Change the lines below:
From:
dn: cn={0}sudo
objectClass: olcSchemaConfig
cn: {0}sudo
To:
dn: cn=sudo,cn=schema,cn=config
objectClass: olcSchemaConfig
cn: sudoAlso remove the last lines, from structuralObjectClass downwards:
structuralObjectClass: olcSchemaConfig
entryUUID: 431580bc-67ab-103e-932b-a1c41a5943c1
creatorsName: cn=config
createTimestamp: 20240224215609Z
entryCSN: 20240224215609.360408Z#000000#000#000000
modifiersName: cn=config
modifyTimestamp: 20240224215609Z
In the end, the file must have +/- this structure.
dn: cn=sudo,cn=schema,cn=config
objectClass: olcSchemaConfig
cn: sudo
olcAttributeTypes: {0}( 1.3.6.1.4.1.15953.9.1.1 NAME 'sudoUser' DESC 'User(s)

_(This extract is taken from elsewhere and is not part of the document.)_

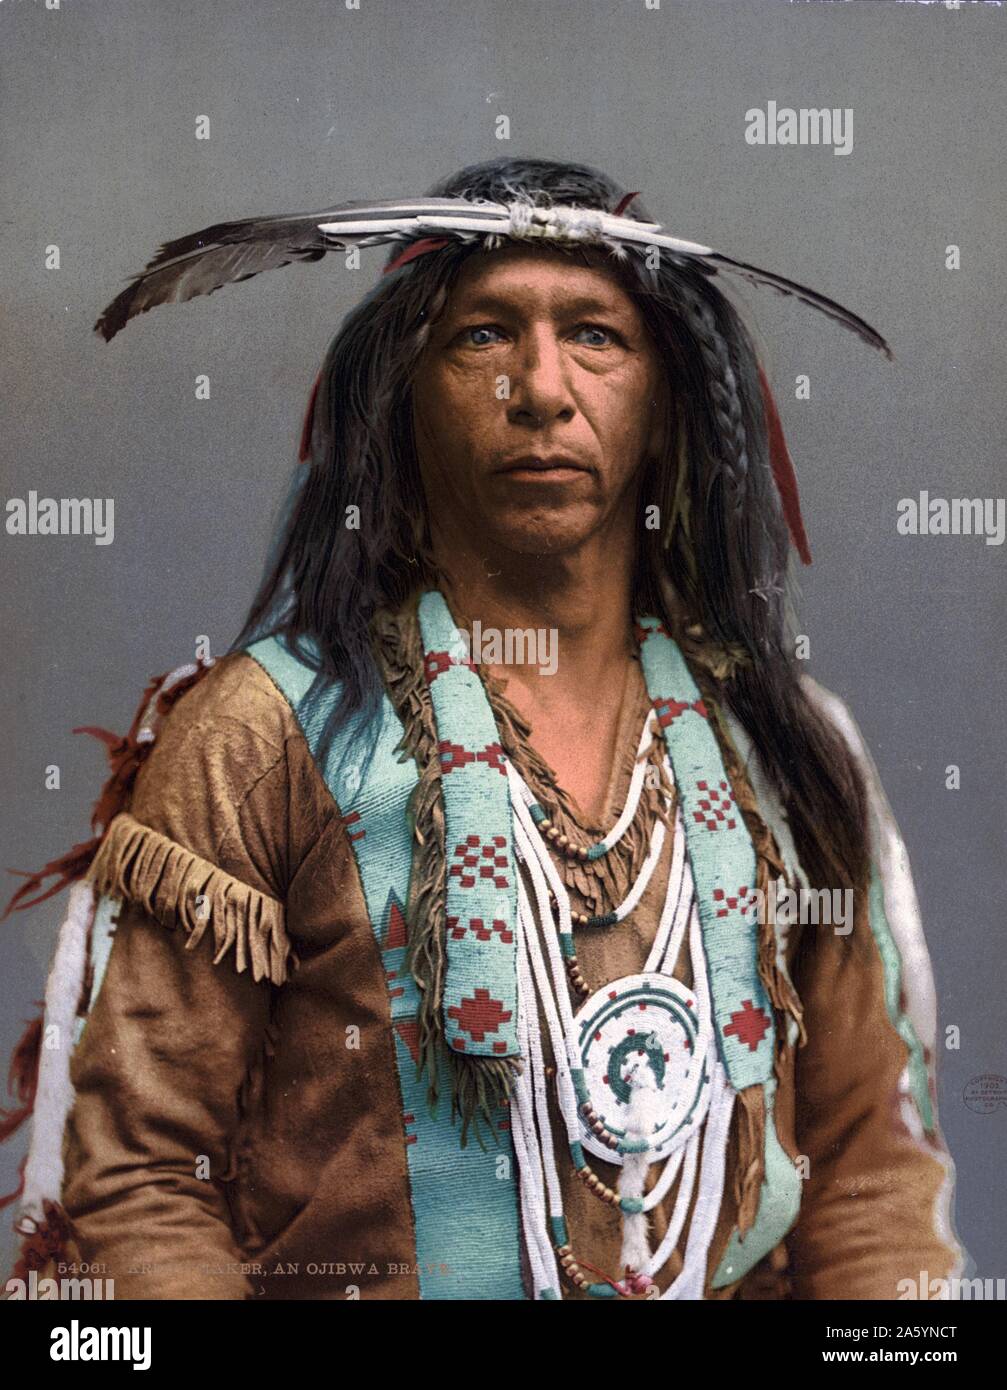 Pfeil, ein ojibwa Indianer c 1903 mutig. Stockfoto

who may run sudo' EQUALITY caseExactIA5Match SUBSTR caseExactIA5SubstringsMa
tch SYNTAX 1.3.6.1.4.1.1466.115.121.1.26 )
olcAttributeTypes: {1}( 1.3.6.1.4.1.15953.9.1.2 NAME 'sudoHost' DESC 'Host(s)
who may run sudo' EQUALITY caseExactIA5Match SUBSTR caseExactIA5SubstringsMat
ch SYNTAX 1.3.6.1.4.1.1466.115.121.1.26 )

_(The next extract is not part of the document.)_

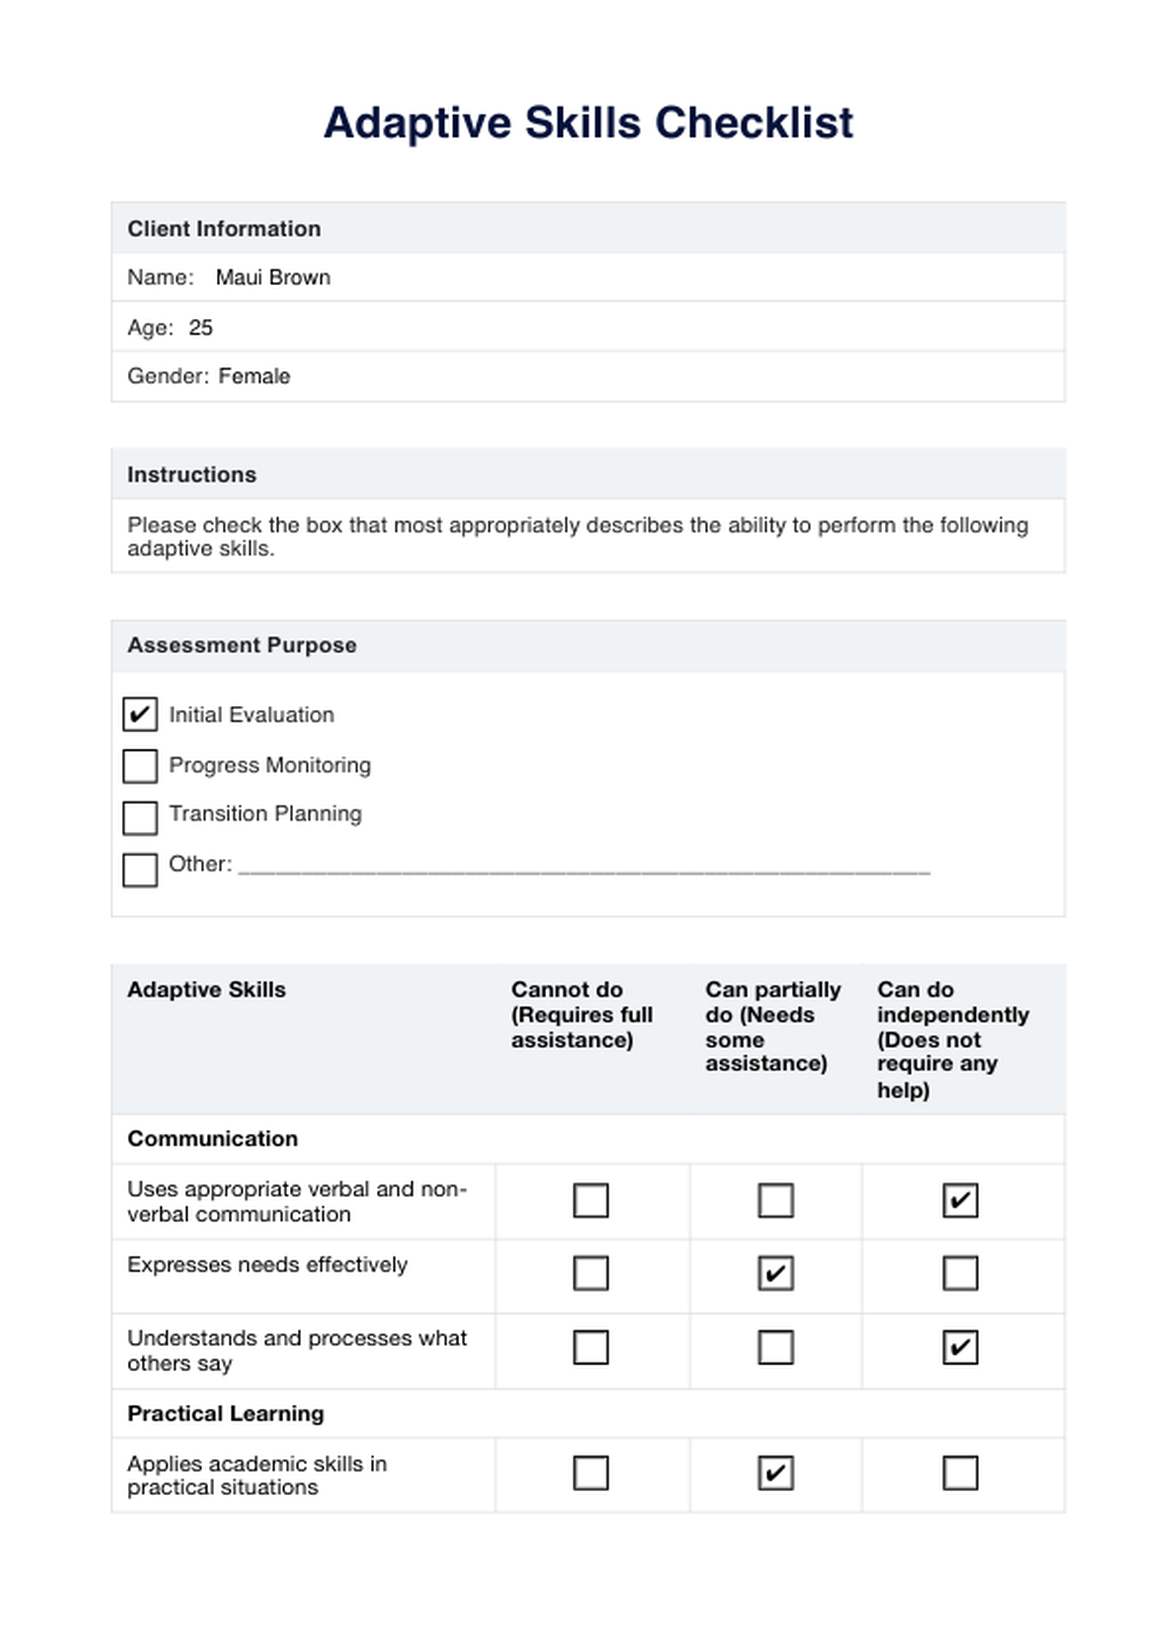 Adaptive Skills Checklist PDF Example

olcAttributeTypes: {2}( 1.3.6.1.4.1.15953.9.1.3 NAME 'sudoCommand' DESC 'Comma
nd(s) to be executed by sudo' EQUALITY caseExactIA5Match SYNTAX 1.3.6.1.4.1.1
466.115.121.1.26 )
olcAttributeTypes: {3}( 1.3.6.1.4.1.15953.9.1.4 NAME 'sudoRunAs' DESC 'User(s)

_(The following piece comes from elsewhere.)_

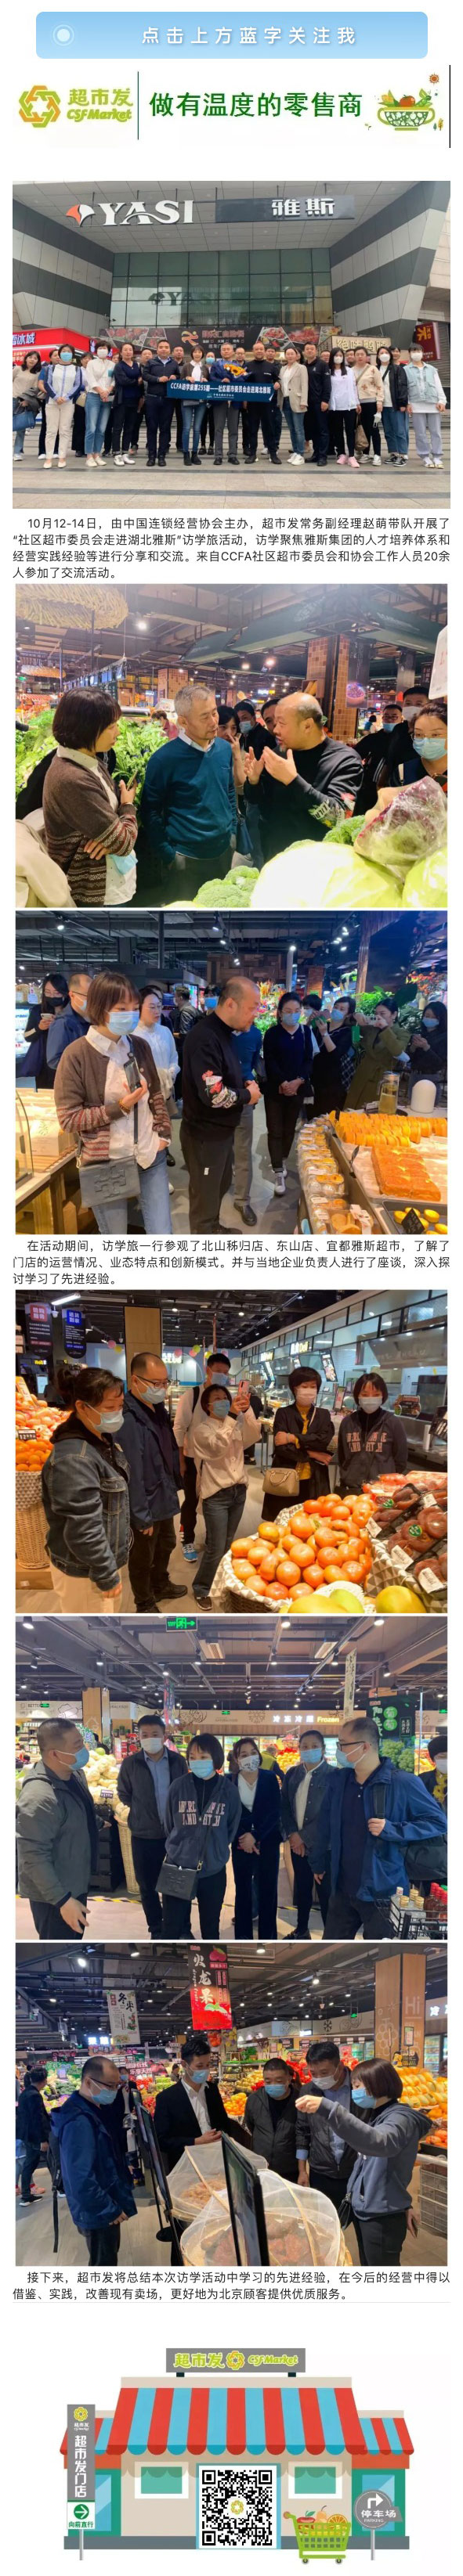 CCFA访学旅255期——社区超市委员会走进湖北雅斯-.jpg

impersonated by sudo (deprecated)' EQUALITY caseExactIA5Match SYNTAX 1.3.6.1
.4.1.1466.115.121.1.26 )
olcAttributeTypes: {4}( 1.3.6.1.4.1.15953.9.1.5 NAME 'sudoOption' DESC 'Option
s(s) followed by sudo' EQUALITY caseExactIA5Match SYNTAX 1.3.6.1.4.1.1466.115
.121.1.26 )
olcAttributeTypes: {5}( 1.3.6.1.4.1.15953.9.1.6 NAME 'sudoRunAsUser' DESC 'Use
r(s) impersonated by sudo' EQUALITY caseExactIA5Match SYNTAX 1.3.6.1.4.1.1466
.115.121.1.26 )
olcAttributeTypes: {6}( 1.3.6.1.4.1.15953.9.1.7 NAME 'sudoRunAsGroup' DESC 'Gr
oup(s) impersonated by sudo' EQUALITY caseExactIA5Match SYNTAX 1.3.6.1.4.1.14
66.115.121.1.26 )
olcAttributeTypes: {7}( 1.3.6.1.4.1.15953.9.1.8 NAME 'sudoNotBefore' DESC 'Sta
rt of time interval for which the entry is valid' EQUALITY generalizedTimeMat
ch ORDERING generalizedTimeOrderingMatch SYNTAX 1.3.6.1.4.1.1466.115.121.1.24
)
olcAttributeTypes: {8}( 1.3.6.1.4.1.15953.9.1.9 NAME 'sudoNotAfter' DESC 'End
of time interval for which the entry is valid' EQUALITY generalizedTimeMatch
ORDERING generalizedTimeOrderingMatch SYNTAX 1.3.6.1.4.1.1466.115.121.1.24 )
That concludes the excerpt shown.